• [Exercise]
Every line of the listing below must be printed again exactly, apart from its pictures.

• [Supplied data]

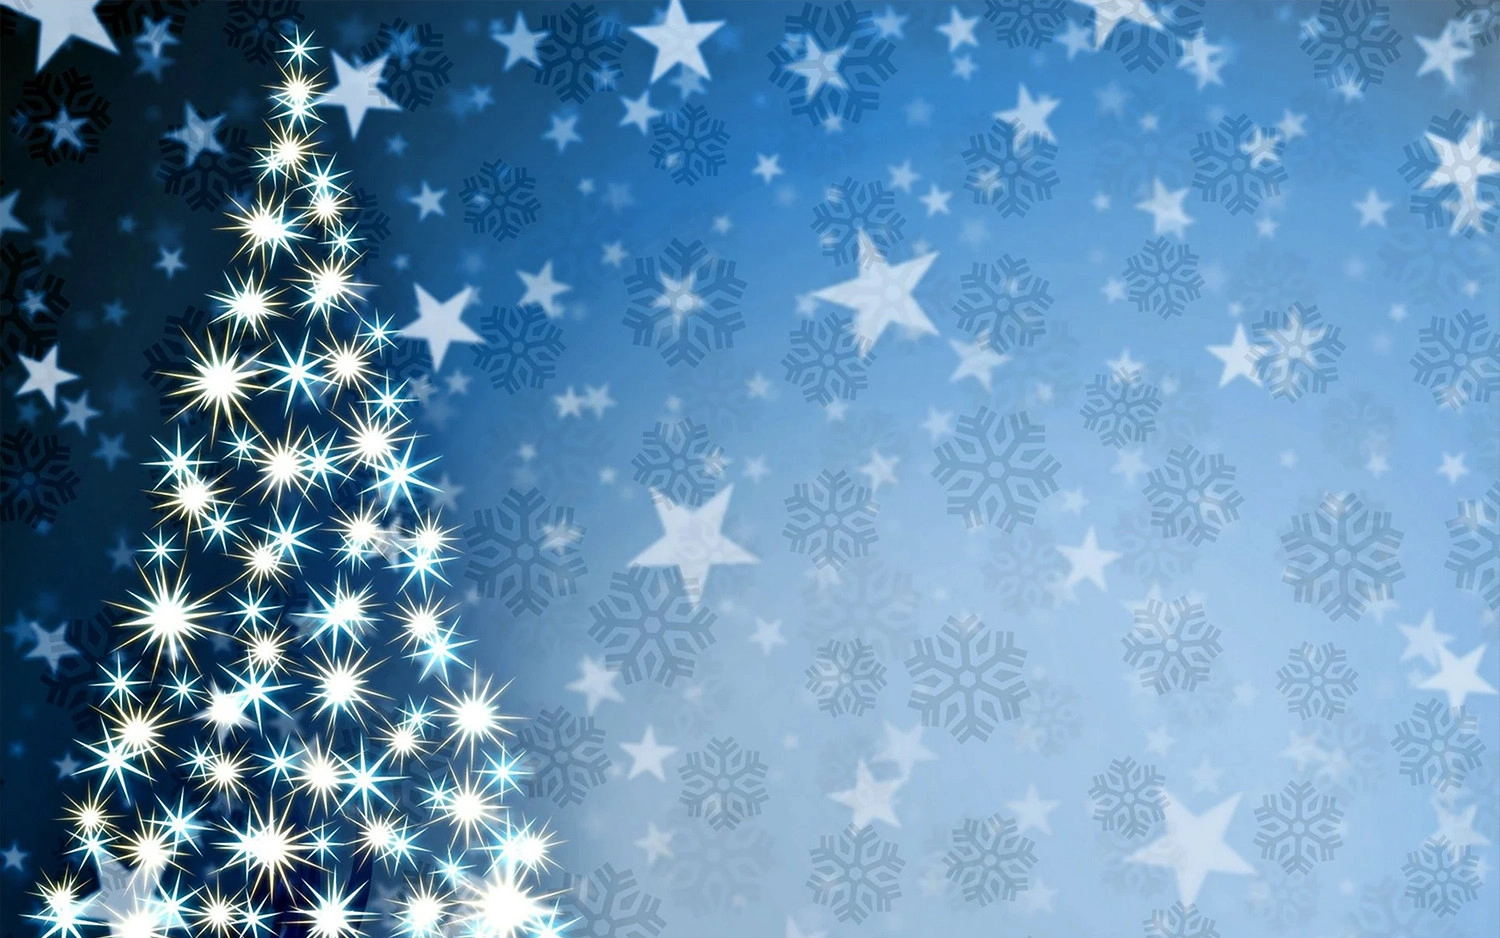 Hình nền Giáng Sinh màu xanh dương lấp lánh
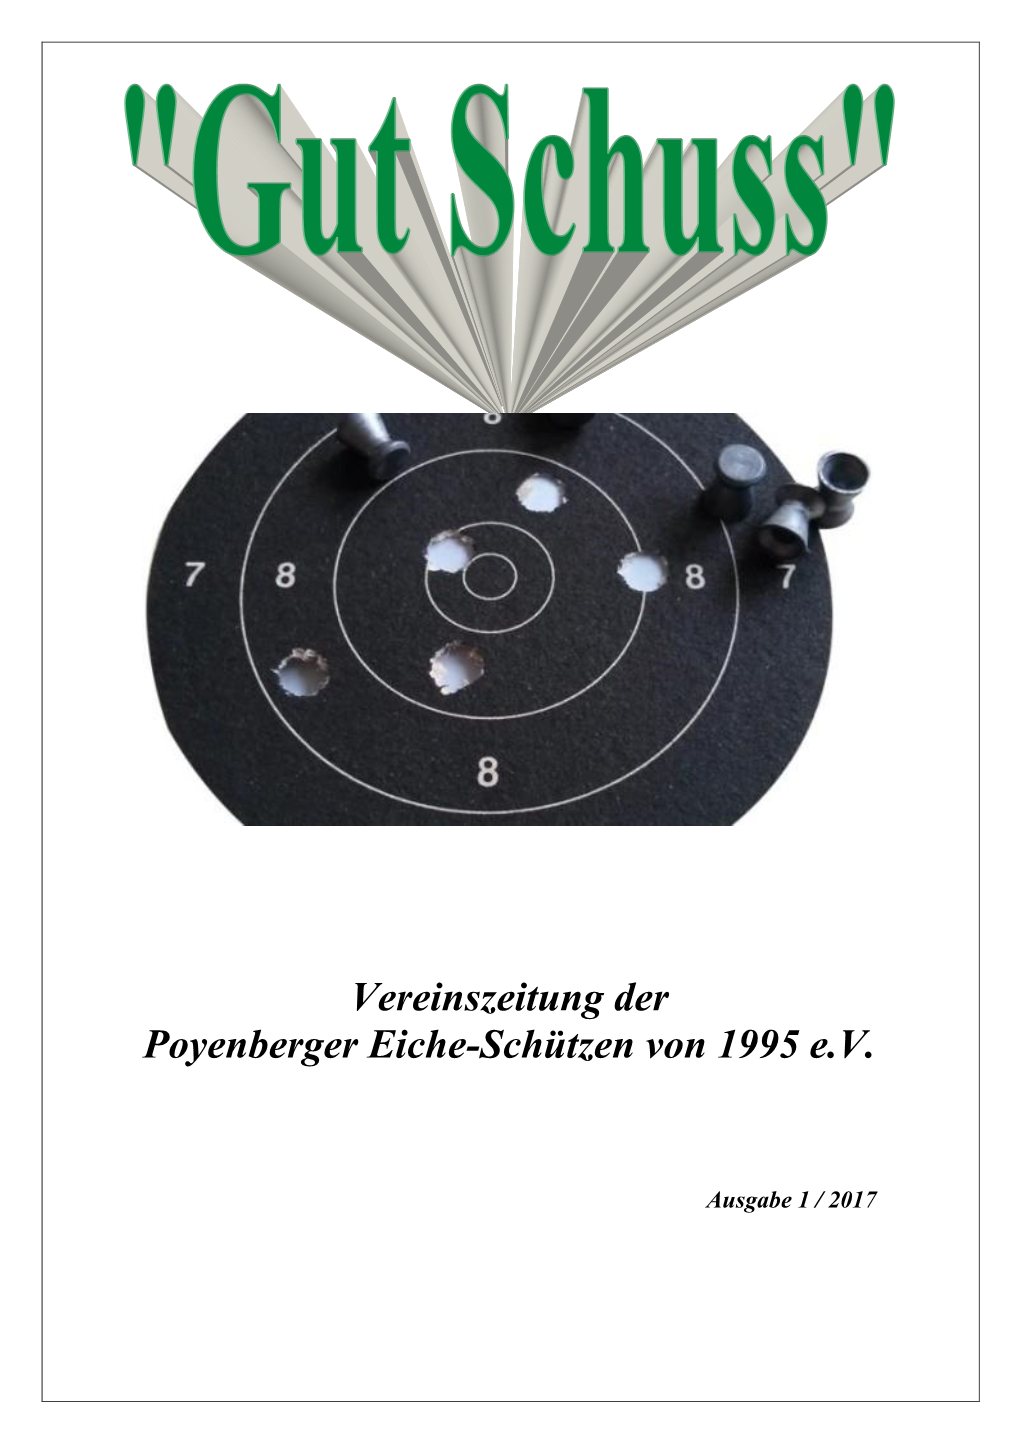 Vereinszeitung Der Poyenberger Eiche-Schützen Von 1995 E.V
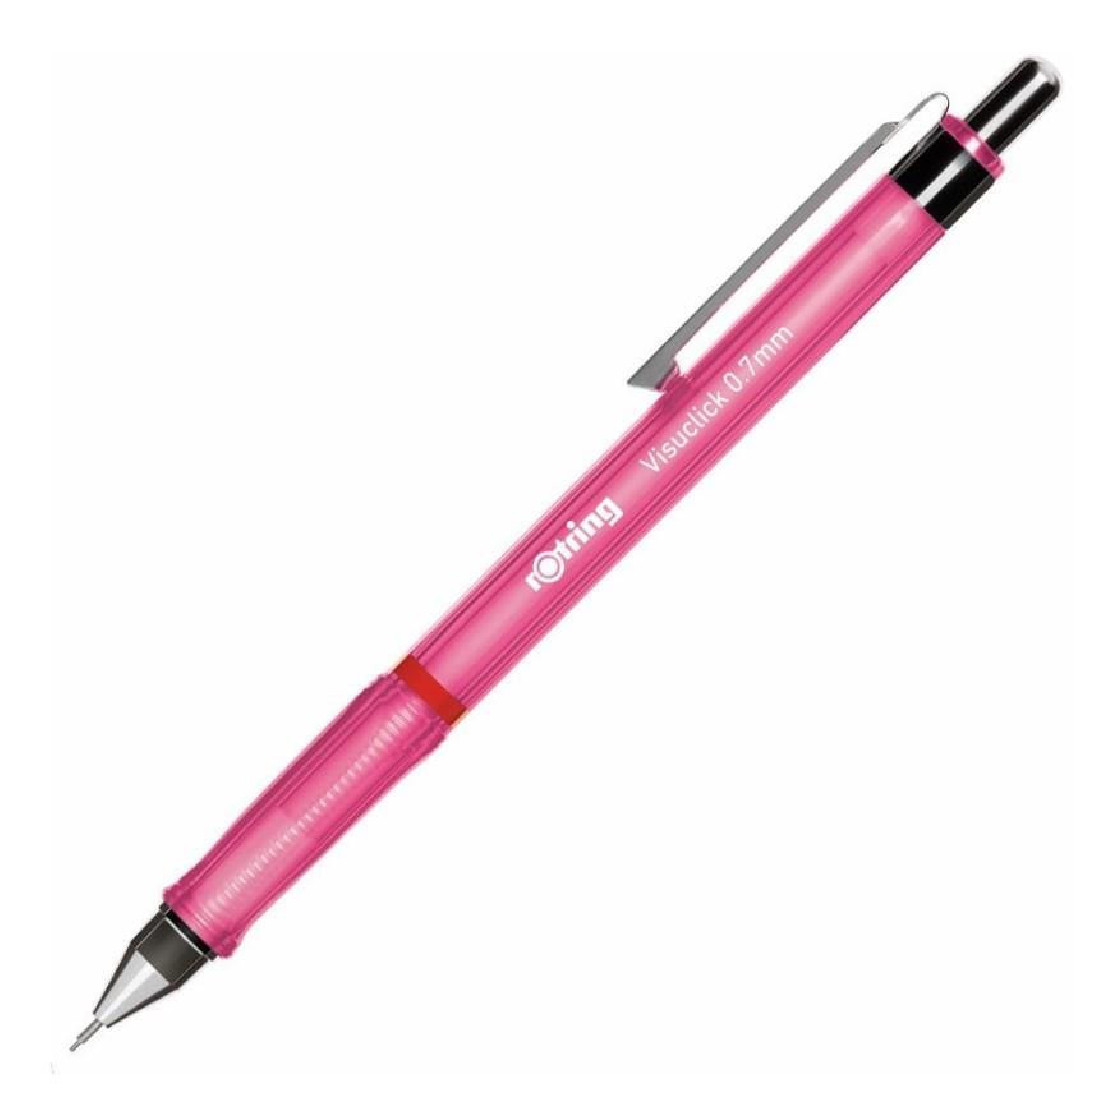 Rotring Visuclick pink mechanical pencil

• [Exercise solution]
 Hình nền Giáng Sinh màu xanh dương lấp lánh
 Vereinszeitung Der Poyenberger Eiche-Schützen Von 1995 E.V
 Rotring Visuclick pink mechanical pencil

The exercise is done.